§ **Work to be completed**
Using the records below, copy exactly the part that opens with the line holding "September 2020 Calendar" and closes with the line holding "Aramox Solar Water", minus the pictures.

§ **Input data**

• • • • • • •

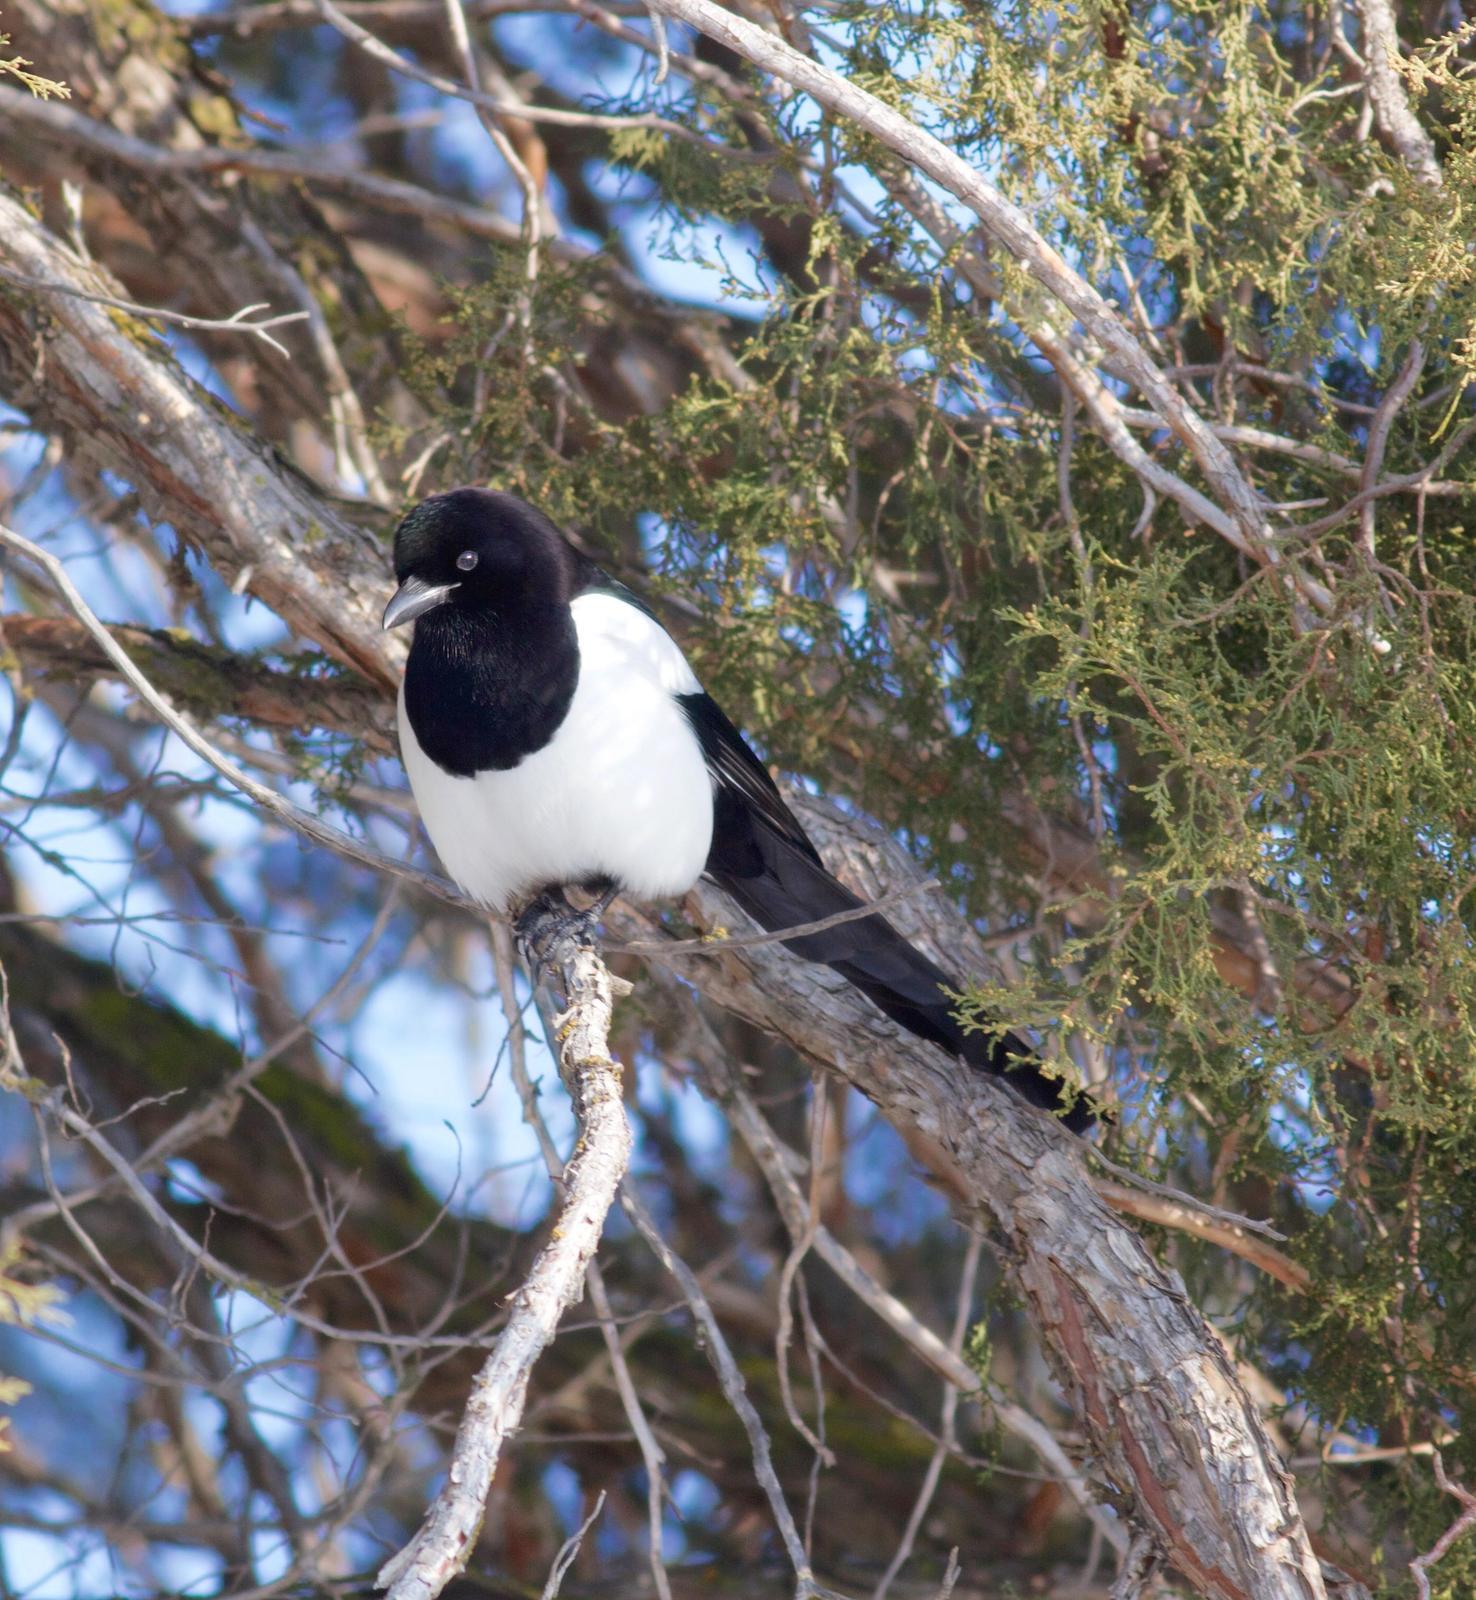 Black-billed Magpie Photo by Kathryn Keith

• • • • • • •

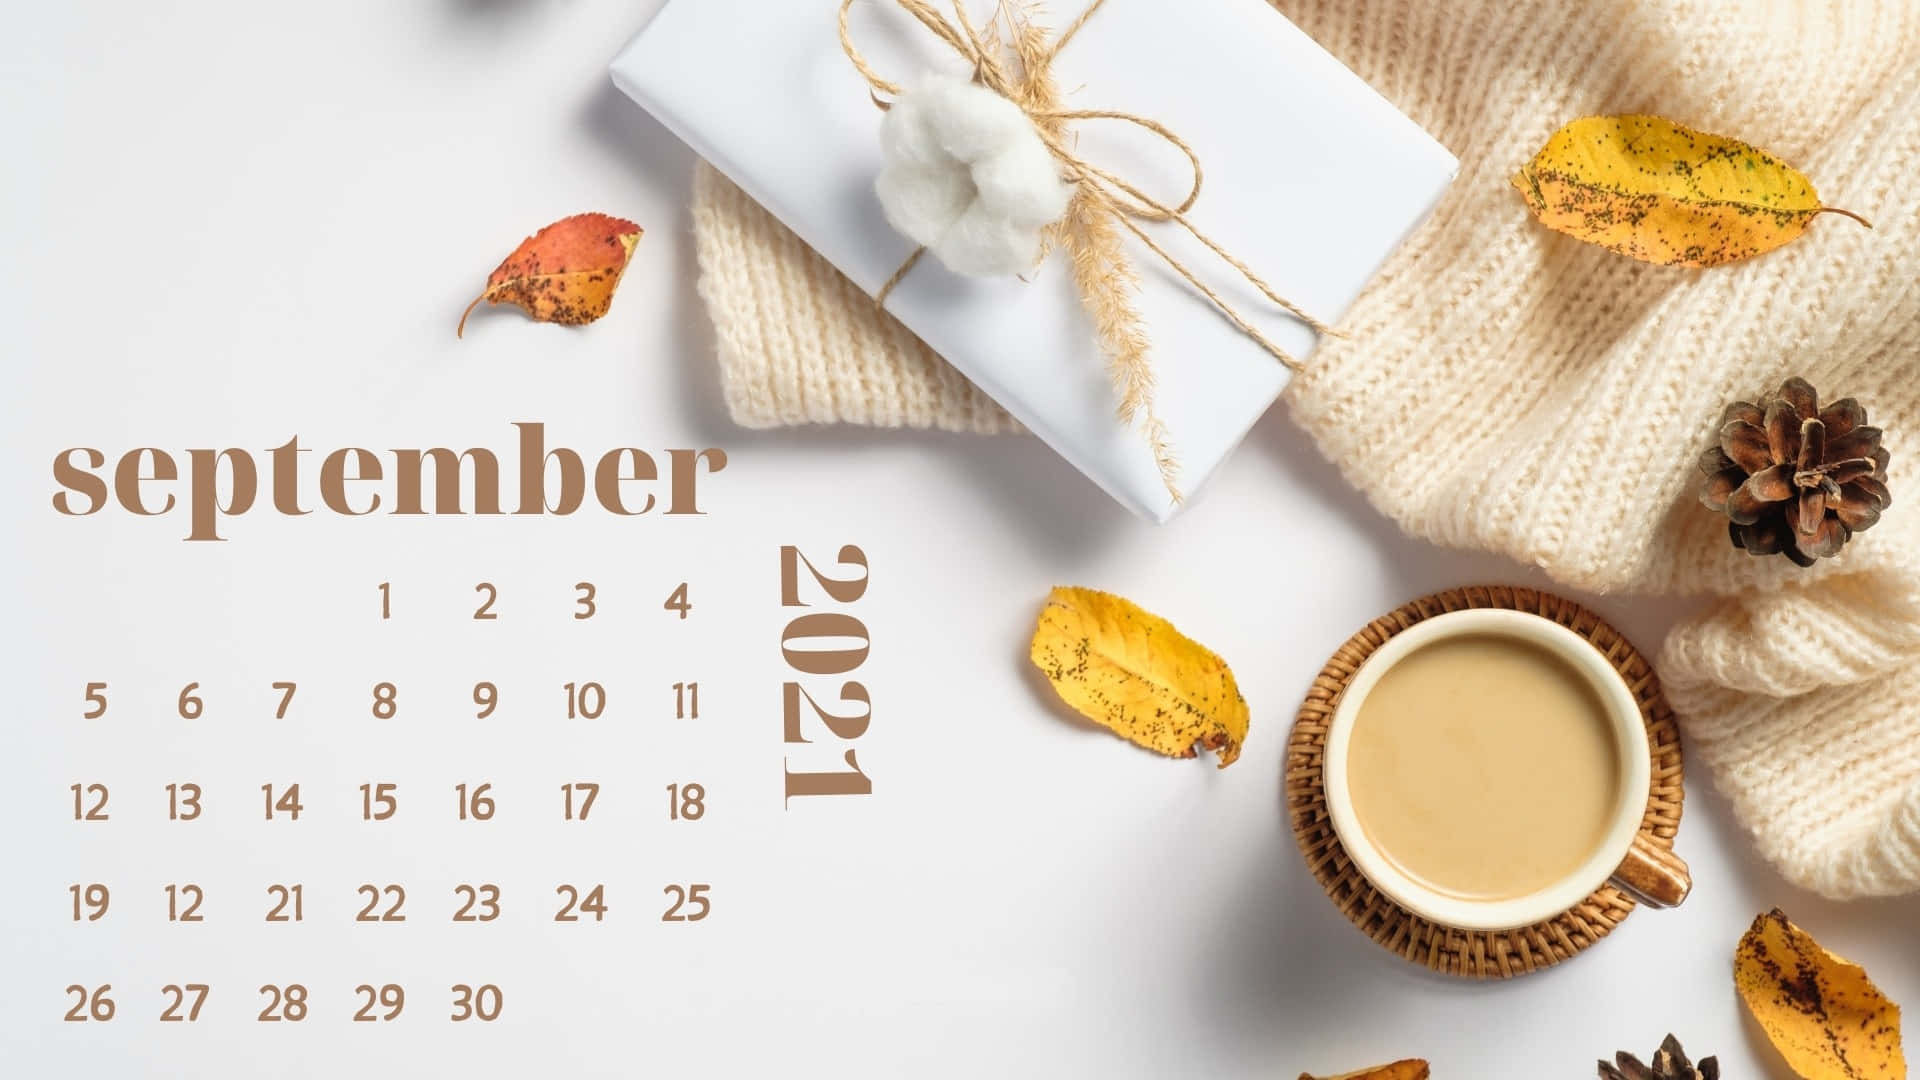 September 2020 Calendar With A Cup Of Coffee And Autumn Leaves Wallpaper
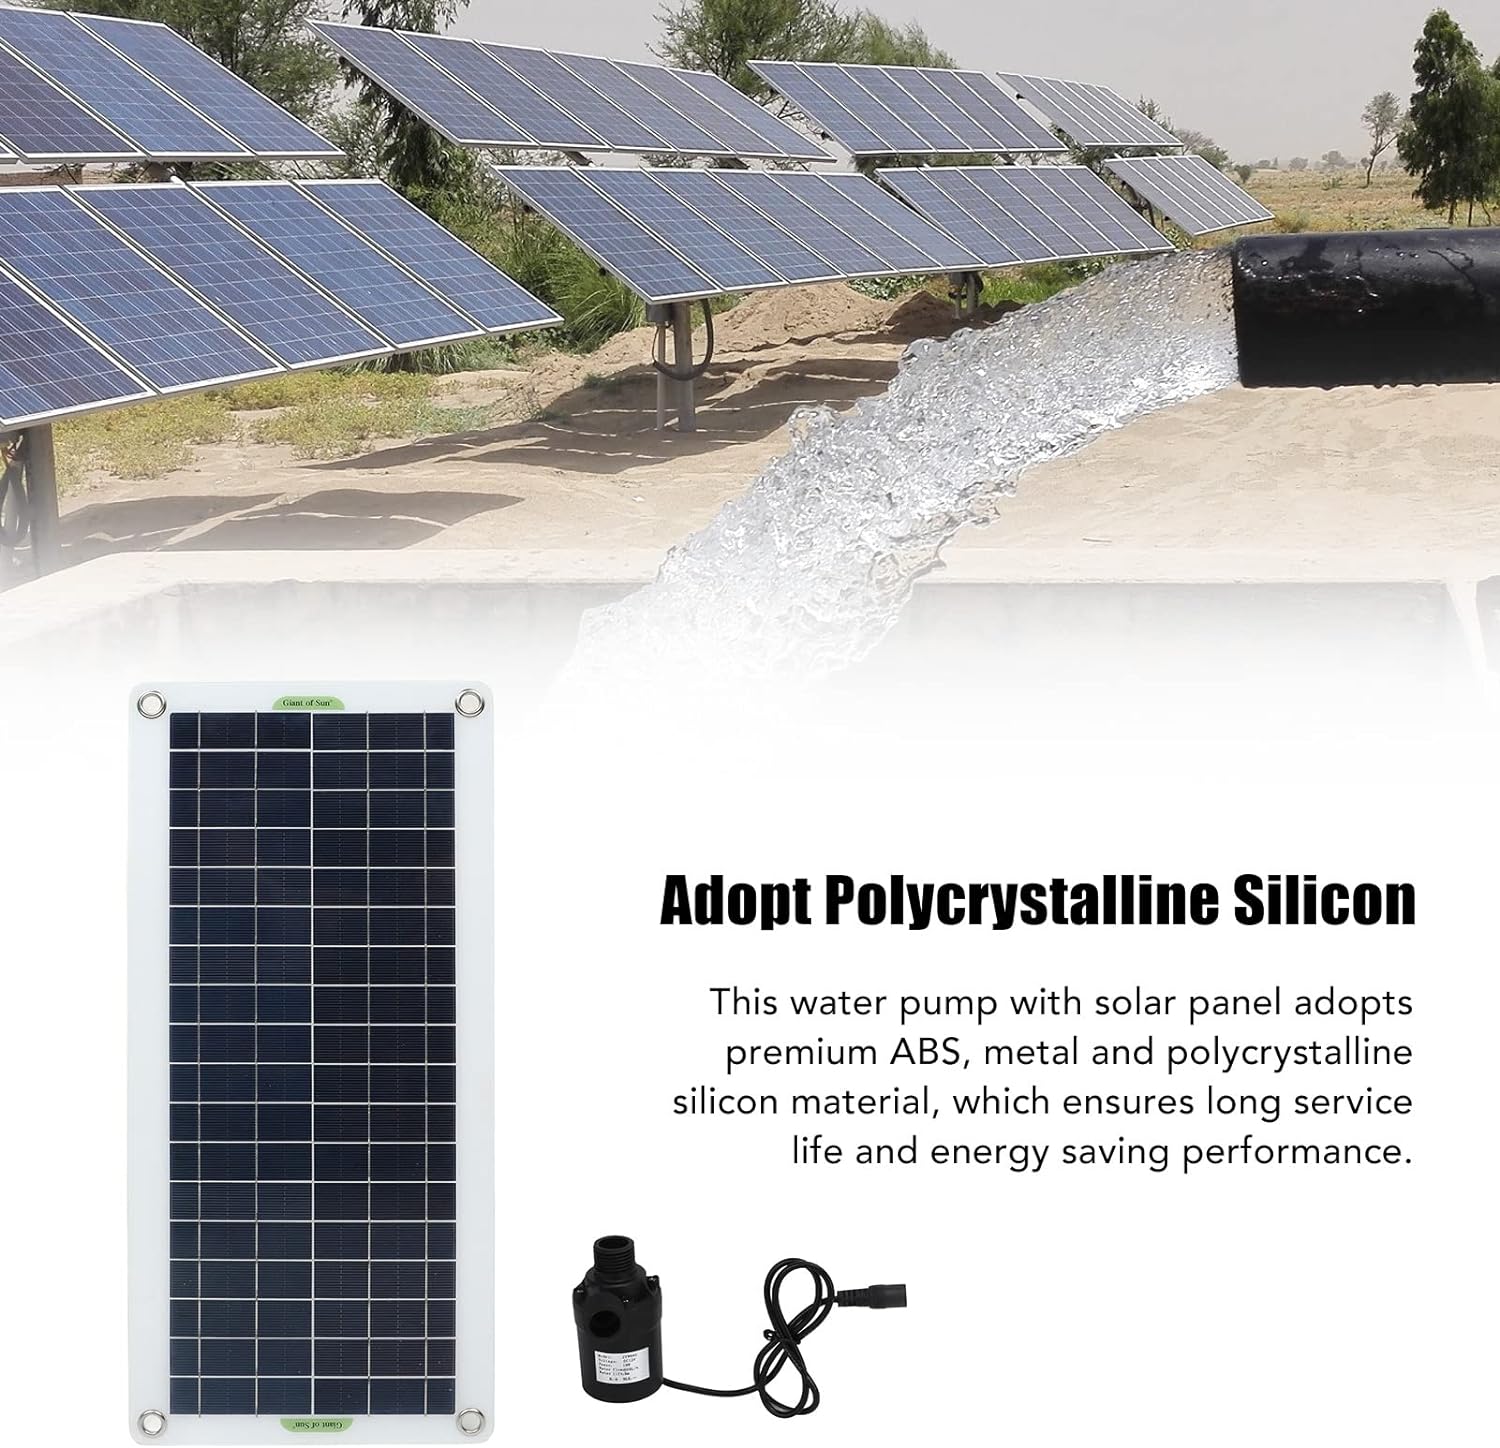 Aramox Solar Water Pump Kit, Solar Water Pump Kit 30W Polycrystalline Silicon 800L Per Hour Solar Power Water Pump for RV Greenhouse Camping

• • • • • • •

§ **Solution to this task**
 September 2020 Calendar With A Cup Of Coffee And Autumn Leaves Wallpaper
 Aramox Solar Water Pump Kit, Solar Water Pump Kit 30W Polycrystalline Silicon 800L Per Hour Solar Power Water Pump for RV Greenhouse Camping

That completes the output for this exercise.